I'd like some ideas now so I can get some of the stuff cheap at clearance sales.


----------



## Offwhiteknight (Sep 17, 2008)

Spiders obviously.

You could probably use those 3ft bluckies and corpse them up to be undead monkies. Just add some chunks of fur to the corpsing process. That would be cool.

The right sound track would be critical I think. Just a straight jungle theme would be okay, I don't think you'd need the normal "creepy" sounds.

That's what I can think of in 30 seconds...


----------



## RoxyBlue (Oct 6, 2008)

Take a look at what Devil's Chariot does, too. The theme is island-oriented, but a lot of it would translate nicely to a jungle theme.

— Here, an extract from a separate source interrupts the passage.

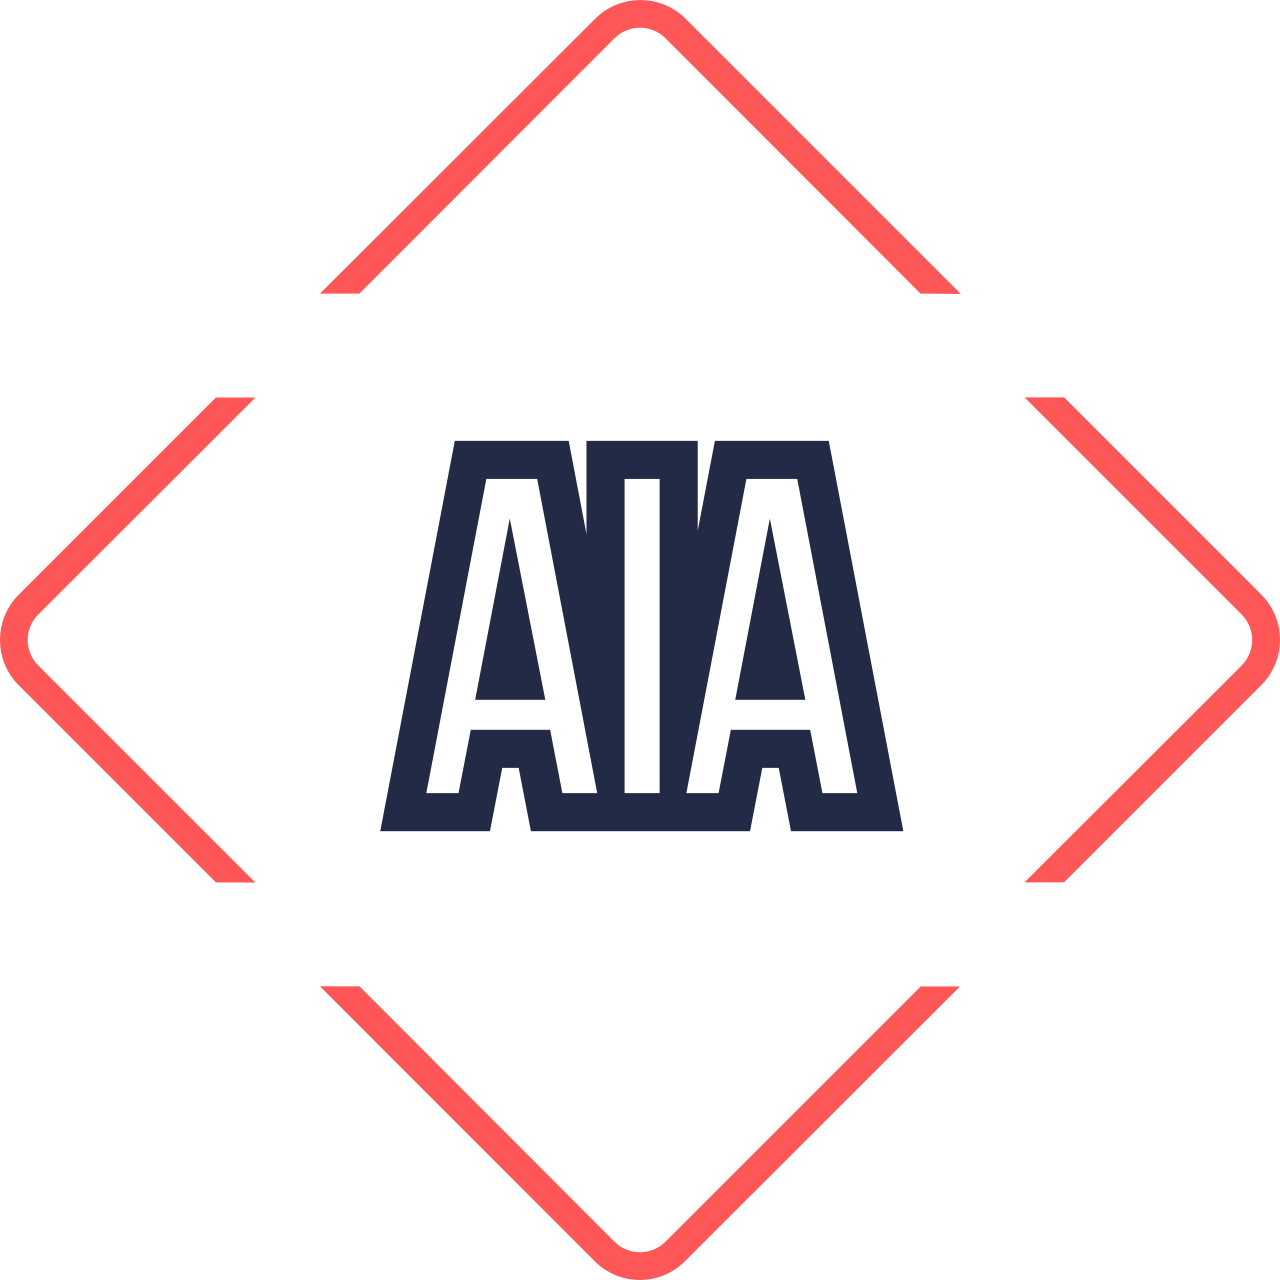 AIA's web page

You really must have an undead jaguar to go with those undead monkeys (an inspired suggestion, offwhite).


----------



## mroct31 (Nov 10, 2007)

Check out http://www.forbiddenjungle.net/
He's one of our members from Cal Haunts and he does a garage jungle haunt. I think he's still working on getting 2008 pictures up but there are some from 2007. We just had our video/picture recap meeting last weekend and what he had for 2008 is great!


----------



## chisox100 (Nov 12, 2008)

> The right sound track would be critical


I already made a mix of Bigfoot encounter sounds and bugs.


----------



## pyro (Oct 7, 2006)

well im thinking camo netting for the walls and ceiling-same netting make a costume for a person so they become a bush. -instant scare--some boulders - (paper mache) fake plants here and there, tear up some jute,hang it for moss . tiki gods, bambo,


----------



## ScreamingScarecrow (Oct 1, 2008)

Rabid zombie jungle animals - say a jaguar!


----------



## chisox100 (Nov 12, 2008)

Now how much would a camo net be and were can I get it?


----------



## pyro (Oct 7, 2006)

check out this camo netting for sale - Google Search
also check out ebay


----------



## Spookie (Aug 26, 2008)

Keep checking out places like Dollar Tree for cheap deals on faux floral. Also Michaels has some nice stuff so during the year collect those 50% off coupons and take advantage through out the year on these items.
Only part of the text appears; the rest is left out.